H) UNA CERTA SVALUTAZIONE DELLA PREGHIERA PERSONALE

Il Concilio, nella Sacrosanctum concilium, dopo aver parlato dell’importanza della partecipazione dei fedeli alla preghiera liturgica, aveva ribadito la stima e il valore della preghiera personale. "La vita spirituale tuttavia non si esaurisce nella partecipazione alla sola Liturgia. Il cristiano, infatti, benché chiamato alla preghiera in comune, è sempre tenuto ad entrare nella sua stanza per pregare il Padre in segreto (Mt 6,6); anzi, secondo l’insegnamento dell’Apostolo, è tenuto a pregare incessantemente (1 Tess 5,17). Il medesimo Apostolo poi c’insegna a portare continuamente nel nostro corpo i patimenti di Gesù morente, affinché la vita di Gesù si manifesti nella nostra carne mortale (2 Cor 4,10-11)" (Sacrosanctum concilium, n. 12). Invece, dopo il Concilio, contro le indicazioni del Concilio, si è assistito ad una certa svalutazione della preghiera personale, come se si trattasse di una preghiera di serie B, per esaltare invece solo tutto ciò che è comunitario, unica dimensione considerata di serie A.

 

STRATEGIA SETTARIA DELL’ANTI-CONCILIO

L’anti-concilio, all’interno della Chiesa, si è accanito specialmente contro tre realtà: Tradizione, Magistero e tomismo: essi sono i tre "nemici" principali, i tre ostacoli che esso sentiva particolarmente opposti ai suoi sforzi di affermazione. Il secolarismo ha cercato di sostituire Tradizione, Magistero e Tomismo, col "carismatismo" (carismo-mania), col biblicismo e col ricorso costante all’esperienza soggettiva ed individuale. Per fare questo:

1) Ha tentato di mettere la Chiesa "istituzione" contro una "Chiesa carismatica"; ha tentato di far apparire l’obbedienza al Magistero come "mancanza di personalità", come se si trattasse di persone "senza cervello" che, data la loro nullità, non possono far altro che "eseguire comandi". Ha tentato di opporre il "profetismo" al Magistero, disconoscendo che il Magistero è la profezia costante ed ordinaria della Chiesa. Ha cercato di sostituire con i presunti "profeti" i legittimi pastori (profetocrazia).

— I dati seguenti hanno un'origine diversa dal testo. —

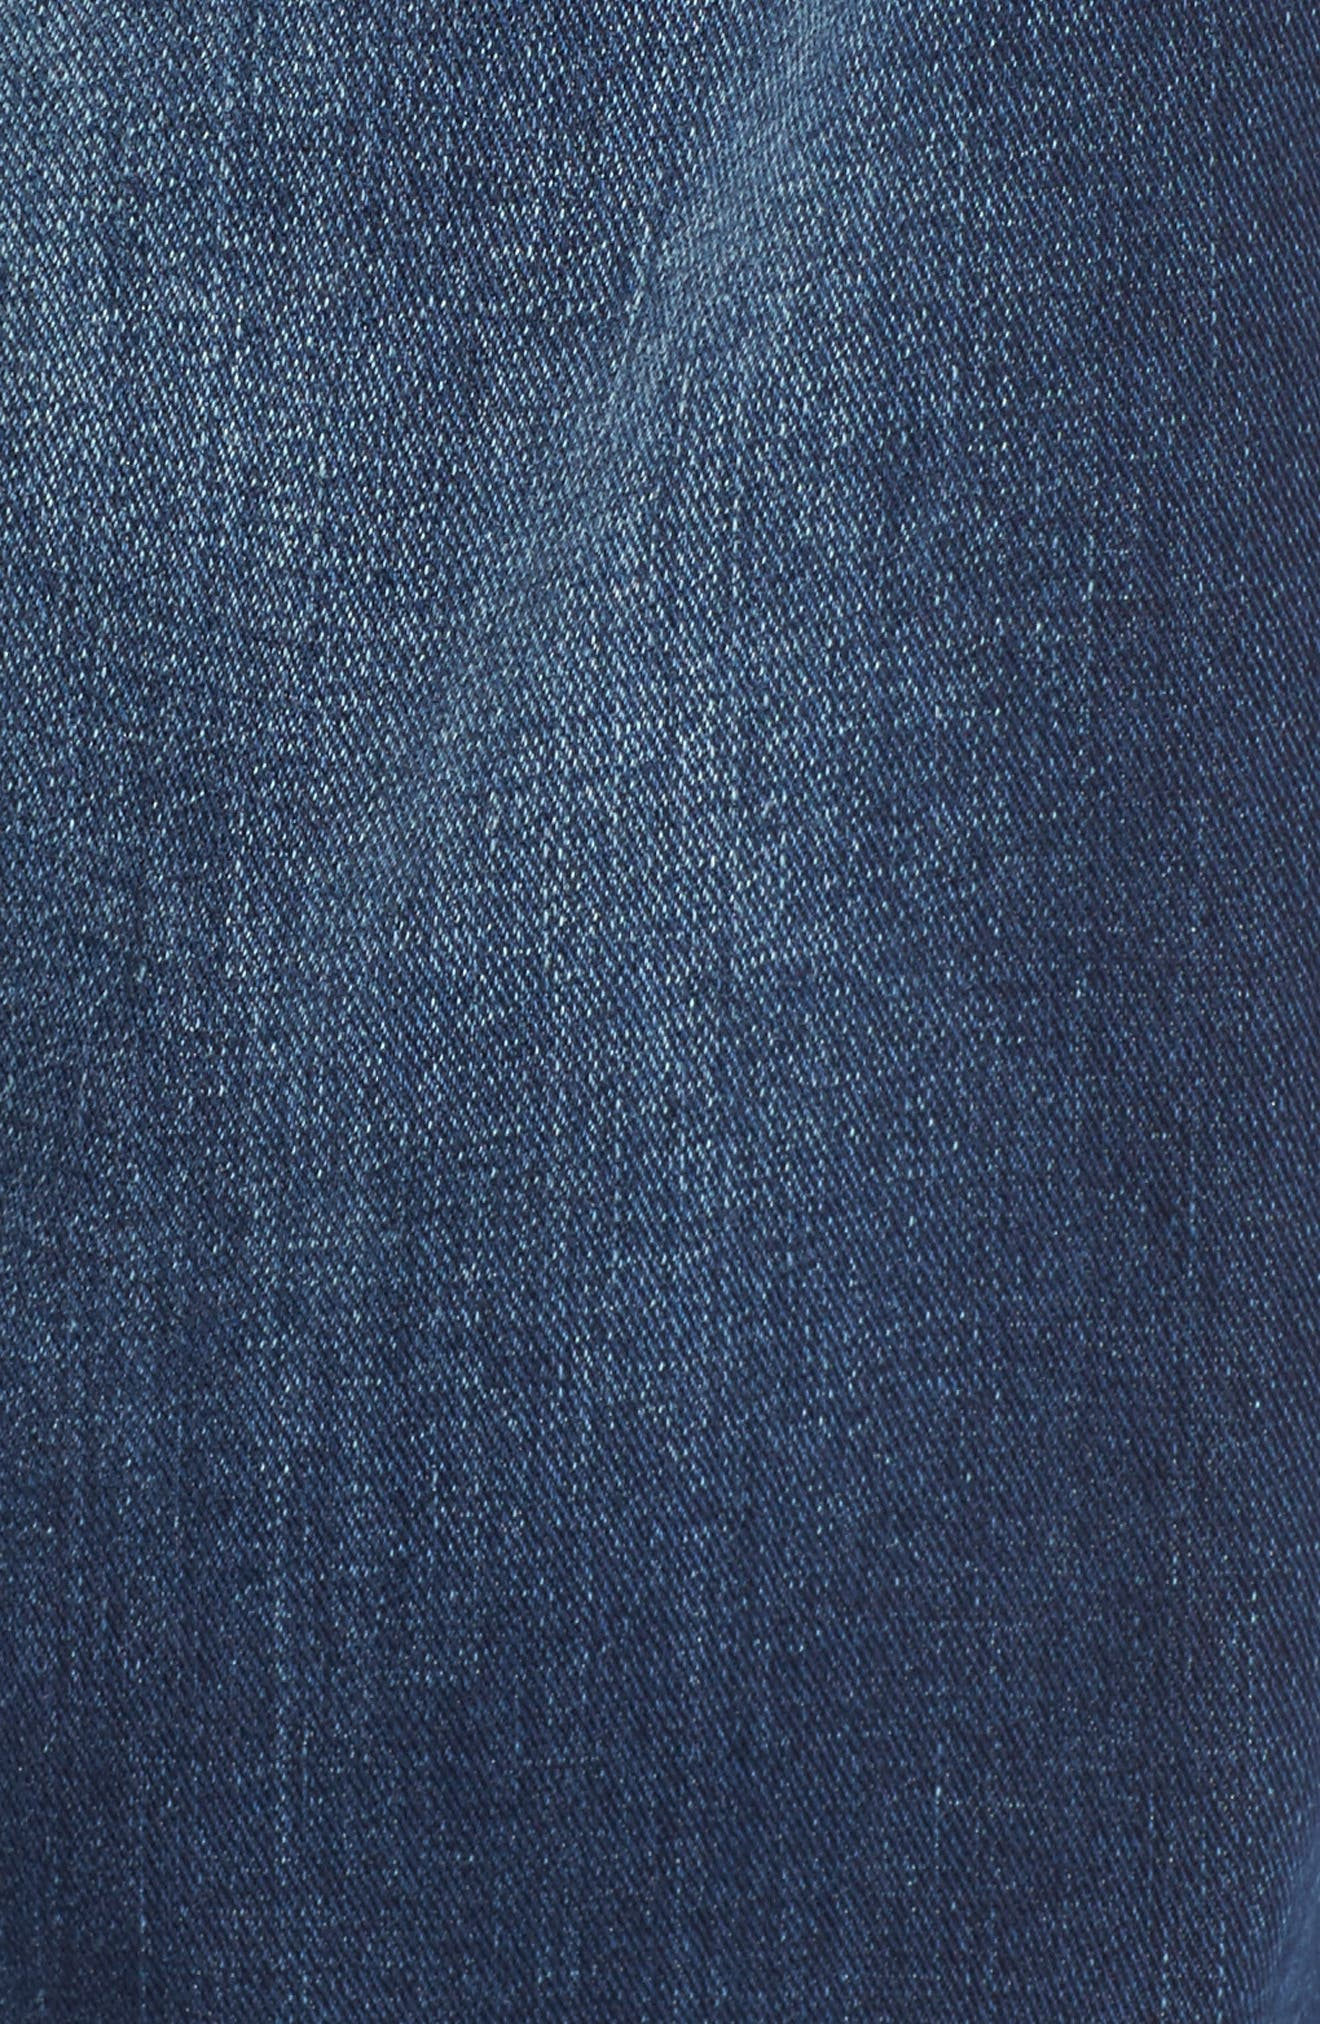 Maverick Stretch Slim Fit Jeans,                             Alternate thumbnail 5, color,                             400

La contestazione del Magistero, sui temi di morale, è registrato all’inizio dell’Enciclica Veritatis splendor (n. 4).

2) Ha tentato di mettere la Bibbia contro la Tradizione, cadendo cosi nel "biblicismo", cioè un uso settario della Sacra Scrittura. La Dei Verbum dice che Bibbia, Tradizione e Magistero vanno sempre insieme e sono così interconnessi che non stanno l’uno senza l’altro (nn. 9-10). Il biblicismo consiste in un uso della Bibbia senza il ricorso alla Tradizione e al Magistero. Il Papa Giovanni Paolo II nella "Fides et Ratio" ha detto che non mancano pericolosi ripiegamenti sul fideismo. C’è la "crisi del senso" e riappaiono razionalismo (la ragione senza la fede) e fideismo (la fede senza la ragione). Un’espressione assai diffusa di tale tendenza fideistica è il "biblicismo" che tende a fare della lettura della Sacra Scrittura o della sua esegesi l’unico punto di riferimento veritativo (cfr. n. 55). Se si identifica la parola di Dio con la sola Bibbia, ci si oppone al Concilio. La Bibbia non è il solo riferimento della Chiesa (D.V., 9-10). La Parola di Dio è colta nell’unità inscindibile Tradizione-Bibbia-Magistero, (DV., 10) (n.55 e 65 ). Che la Dei Verbum non sia stata sempre recepita con equilibrio lo attesta il Nuovo Direttorio Generale per la Catechesi, della Congregazione per il Clero, uscito nel 1997, nella Esposizione introduttiva: "La catechesi deve essere apprendimento e tirocinio di tutta la vita cristiana, che non è penetrata pienamente nella coscienza dei catechisti. Per quel che riguarda l’orientamento di fondo, il concetto conciliare di "Tradizione" ha un minore influsso come elemento realmente ispiratore. Di fatto, in molte catechesi, il riferimento alla Sacra Scrittura è quasi esclusivo, senza che la riflessione e la vita bimillenaria della Chiesa l’accompagni in modo sufficiente. La natura ecclesiale della catechesi appare, in questo caso, meno chiara. L’interrelazione tra Sacra Scrittura, Tradizione e Magistero, "ciascuno secondo il proprio modo" non feconda ancora armoniosamente la trasmissione catechistica della fede" (pp. 32-33). Come si organizzano interminabili e ripetitive "settimane bibliche" perché non si organizzano, con altrettanta convinzione, settimane liturgiche, settimane di approfondimento sui Padri della Chiesa, settimane d’approfondimento sui documenti del Magistero?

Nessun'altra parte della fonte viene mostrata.